Endoscopic Ultrasound Guided Tissue Sampling (The SharkBITE Study)

Pancreas Cancer Clinical Trial

SharkBITE

Official title:
SharkCore Biopsy Needle Versus Standard FNA Needle in the Diagnosis of Solid Pancreatic Masses a Randomised Controlled Cross-over Trial of EUS Guided Tissue Acquisition - The SharkBITE Study

Clinical Trial Details — Status: Completed

Administrative data
NCT number NCT03532347
Other study ID # 8090
Secondary ID
Status Completed
Phase N/A
First received
Last updated
Start date May 22, 2017
Est. completion date November 4, 2018

Study information
Verified date June 2019
Source Newcastle-upon-Tyne Hospitals NHS Trust
Contact n/a
Is FDA regulated No
Health authority
Study type Interventional

Clinical Trial Summary

This study compares the diagnostic performance of Endoscopic ultrasound (EUS) guided fine needle aspiration and EUS guided core biopsy (SharkCore) in patients with a solid pancreatic mass.

Description:

Endoscopic ultrasound (EUS) guided fine needle aspiration (FNA) and fine needle biopsy (FNB) are the standard methods for obtaining tissue samples from tumours of the pancreas. The diagnostic accuracy by strict criteria is around 75-80%. A non diagnostic sample causes delay and the need for a repeat procedure. To date no significant difference has been found between standard FNA and standard FNB needles. A novel opposing bevel design (SharkCore) needle for FNB may provide better diagnostic performance. The aim of this study is to compare the performance of a standard needle and the Sharkcore needle. Patients attending for routine biopsy of a suspected pancreatic tumour will be invited to participate. All participants will have 3 samples taken with each needle. The samples from each needle will be processed and reported separately with the pathologists blinded as to the report from the other needle. Following the procedure participants will be observed as normal in the recovery area and allowed home later. Further study participation is limited to 1 telephone call at 7 days. Participants will be asked if they have developed any new symptoms since the procedure and whether they have had to seek medical attention for this.The risks of the study procedure are the same as those of a non study procedure. Both needle types are in routine use in our unit. The study will be performed in the endoscopy unit of the Freeman hospital. The study is funded by a grant from Medtronic the company who make the Sharkcore needle. The study is planned to recruit 108 participants over 10 months with a further 6 months of follow up. If the new needle is found to perform better its routine use will potentially reduce the delay experienced by patients as well as the cost incurred by repeat procedures.

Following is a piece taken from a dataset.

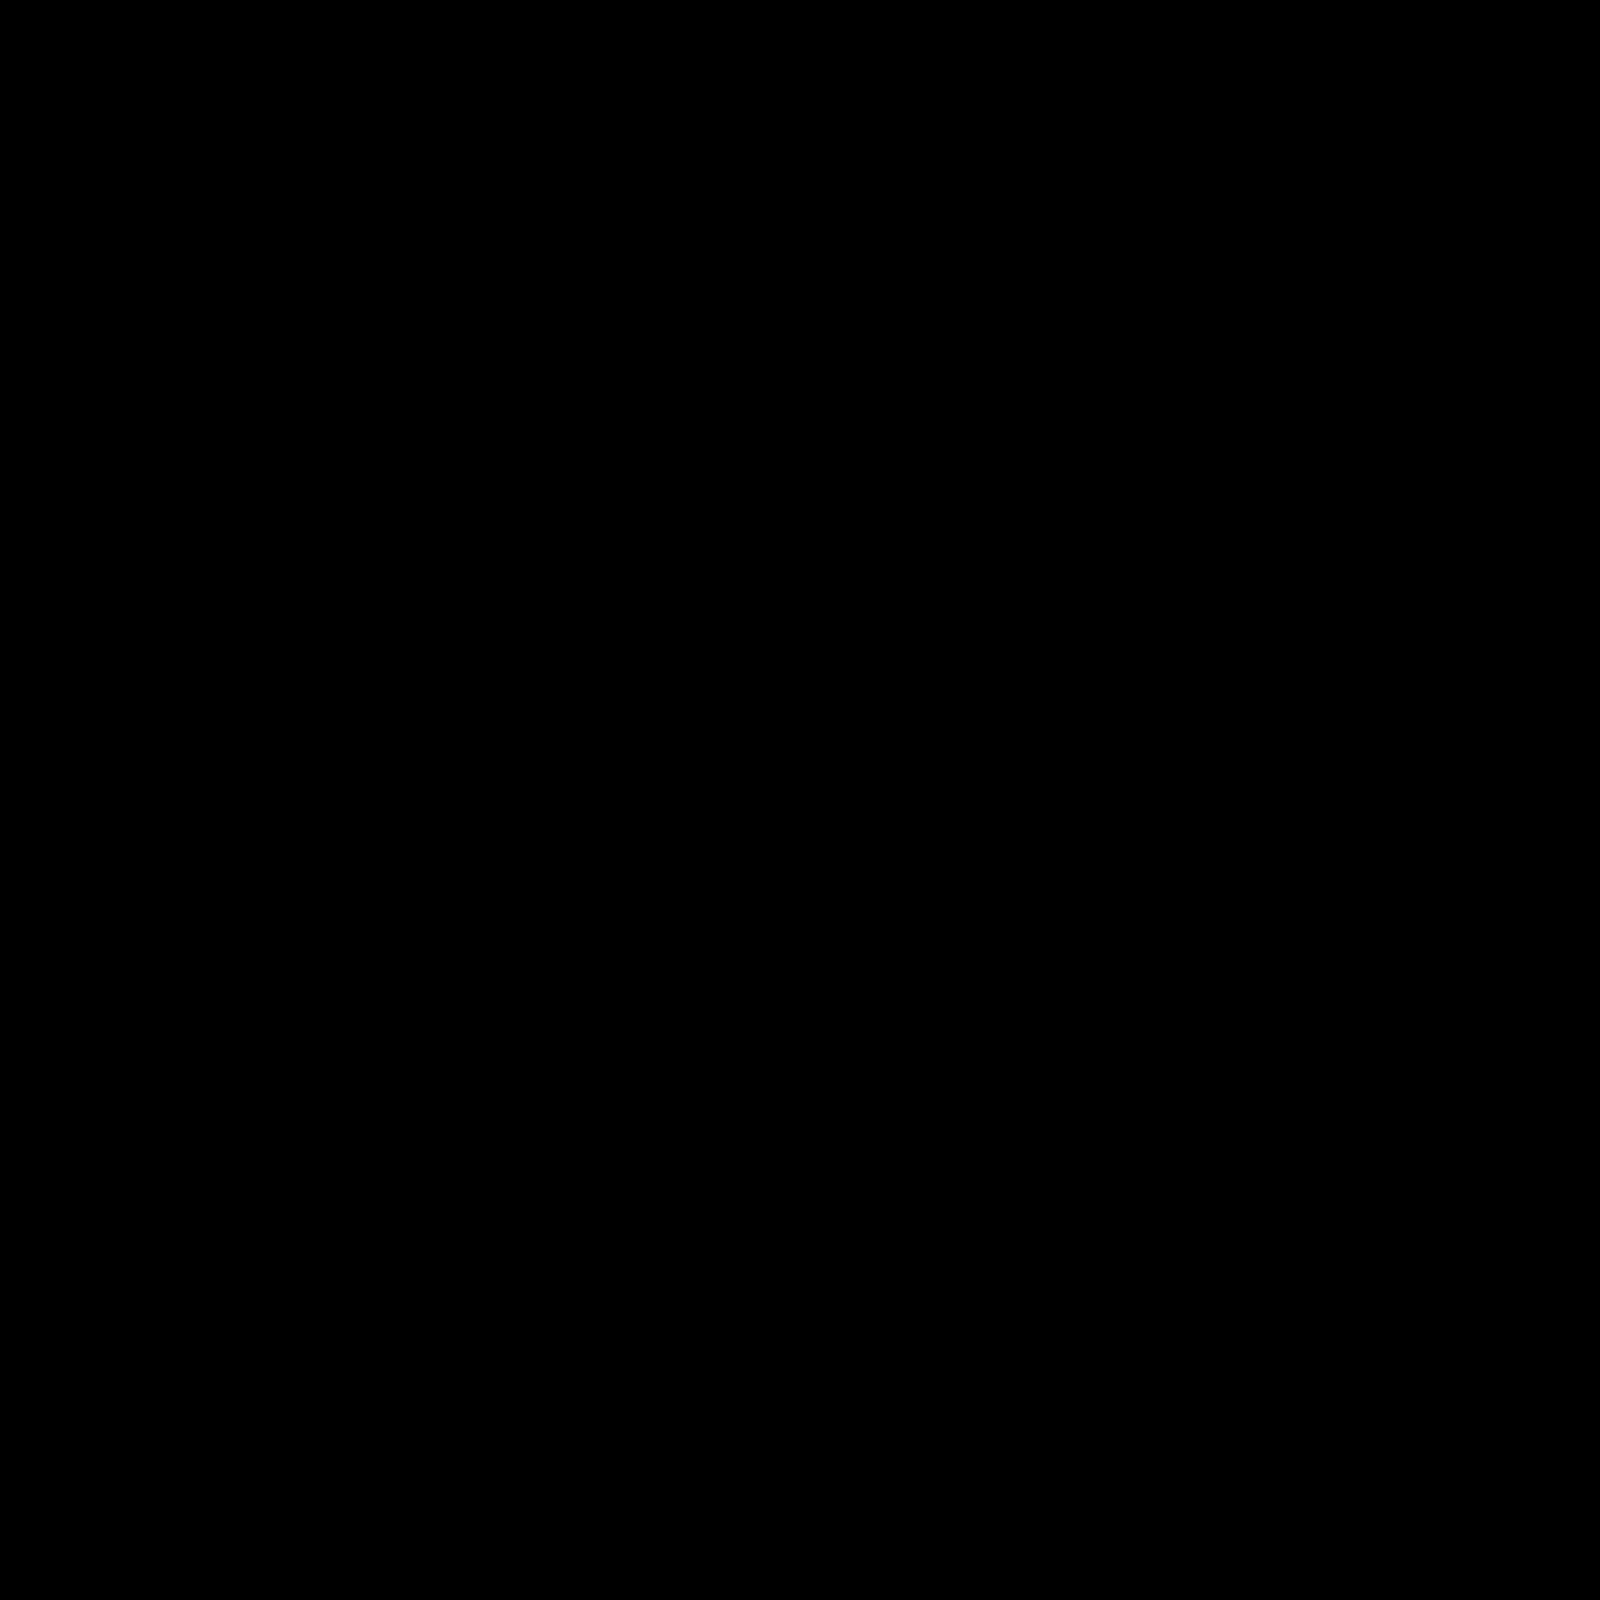 Torre de Pisa icon

Recruitment information / eligibility
Status Completed
Enrollment 108
Est. completion date November 4, 2018
Est. primary completion date May 4, 2018
Accepts healthy volunteers No
Gender All
Age group 18 Years and older
Eligibility Inclusion Criteria:

- Adult patients 18 years and above with a solid pancreatic mass of any size, needing to Undergo the EUS examination to collect sample for diagnosis will be recruited for the study. The definition of a solid pancreatic mass will be based on an ultrasound or a CT scan result or based on the findings of a EUS examination done prior.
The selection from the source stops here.